Having read the article, I do agree with your points.  It's  a shame the direction the series took since I have also always regarded NG2 as one of my all time favorites. I also completed the game on MN and had a lot of fun going through the game multiple times despite the various issues the game had. Though NG3 as a whole was a pretty big step backwards for the series, I did like the implementation of the SOB mechanic and I do think it should be kept for future entries.

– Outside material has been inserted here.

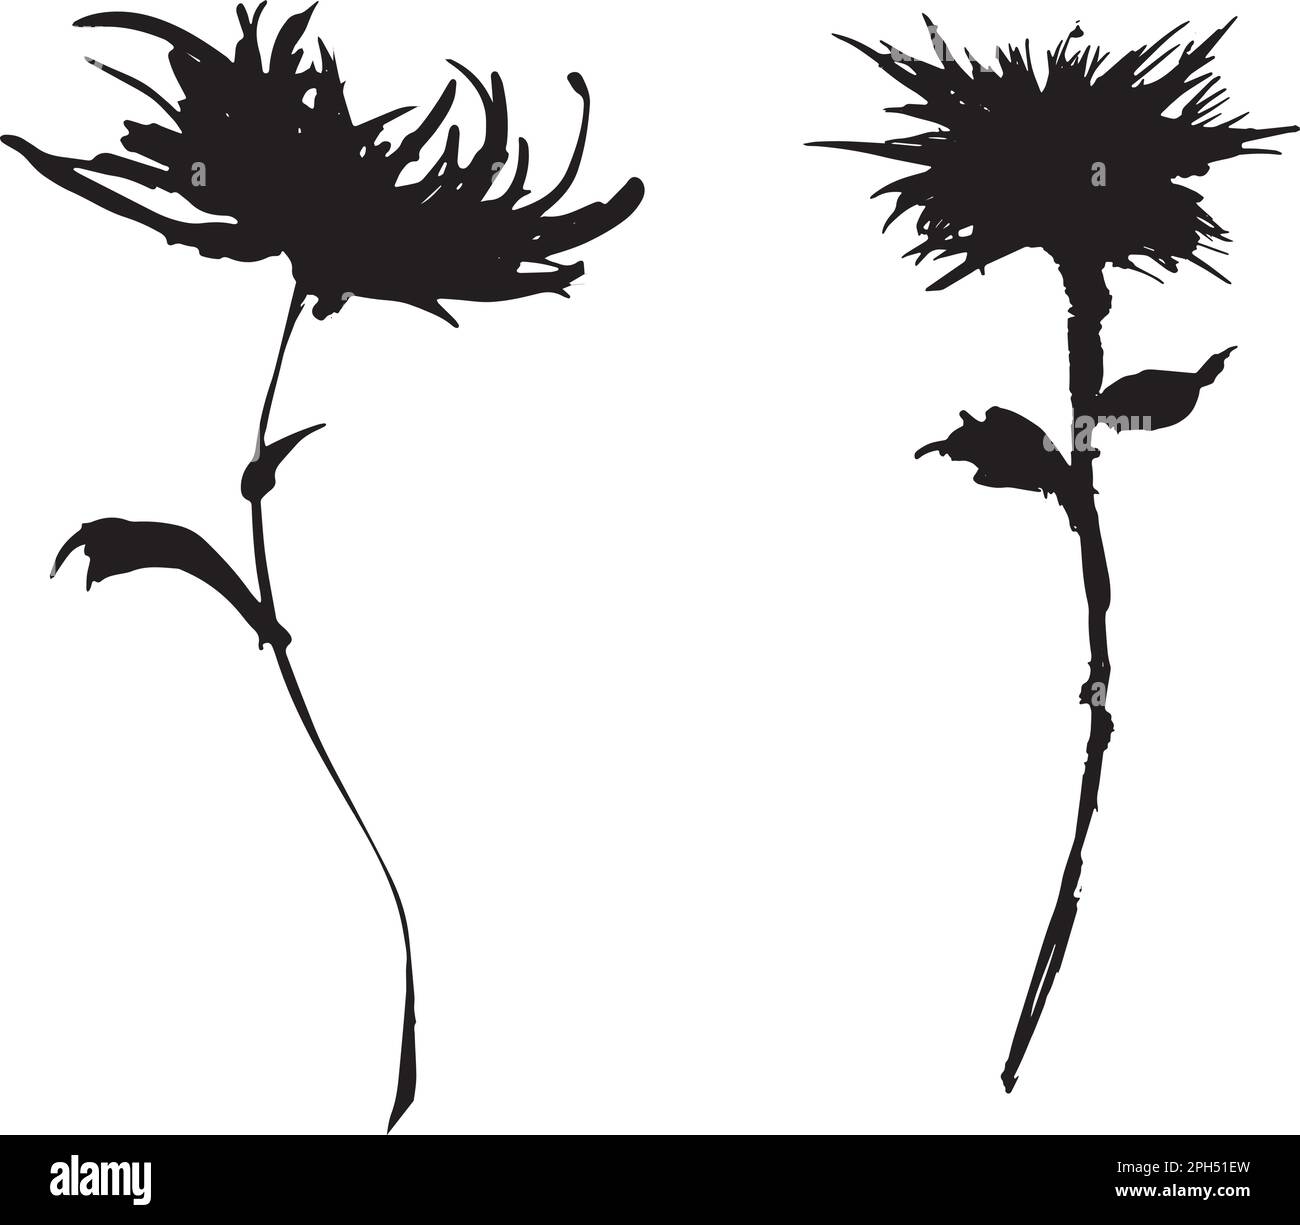 Chrysanthemum hand drawn black paint vector set. Ink drawing flowers and leaves. Stock Vector

_The difficulties were not really increasing, it was just that monsters had more health and needed more time to cut down, which I absolutely hated._

This is also one of the bigger problems I have with the sigma games. Ninja gaiden III higher level enemies can take ungodly amounts of damage and cancel their stun frames. Some fights like the T-rex one can be really tedious without the maxed out scythe. In addition to having huge health bars, some also have ridiculous evasion rates (alexei) which can make the game a bit random and force you to use 360y with the scythe.

I did read about ninja gaiden 4 being in development, so I hope that's not too far down the road and that they learned from their mistakes.  I would not mind if they decided to throw in some of ninja gaiden black's elements like the exploration and item customization.


----------



## Black-Ice (May 26, 2014)

All NJ 3 did was make me play NJ 2 again.

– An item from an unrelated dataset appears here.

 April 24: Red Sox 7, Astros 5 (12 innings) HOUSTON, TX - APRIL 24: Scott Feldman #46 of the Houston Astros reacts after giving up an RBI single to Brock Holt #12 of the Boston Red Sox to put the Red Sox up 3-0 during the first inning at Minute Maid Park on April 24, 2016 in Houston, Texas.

How could they go from one of my favourite games to absolute trash, in 1 sequel


----------



## Spikey (May 26, 2014)

It's funny you mentioning this game becoming like Dynasty Warriors considering Team Ninja is assisting Omega Force with Hyrule Warriors.


----------



## kristianity77 (May 26, 2014)

NG3 was terrible.  Although the update Razors Edge did improve quite a lot of the game to be honest and is worth a playthrough.  Although its still not as good as NG2.


----------



## gamefan5 (May 26, 2014)

The next one better be the abomination that is Sonic 06


----------



## WiiCube_2013 (May 26, 2014)

Don't yer be telling me what games I should and shouldn't buy.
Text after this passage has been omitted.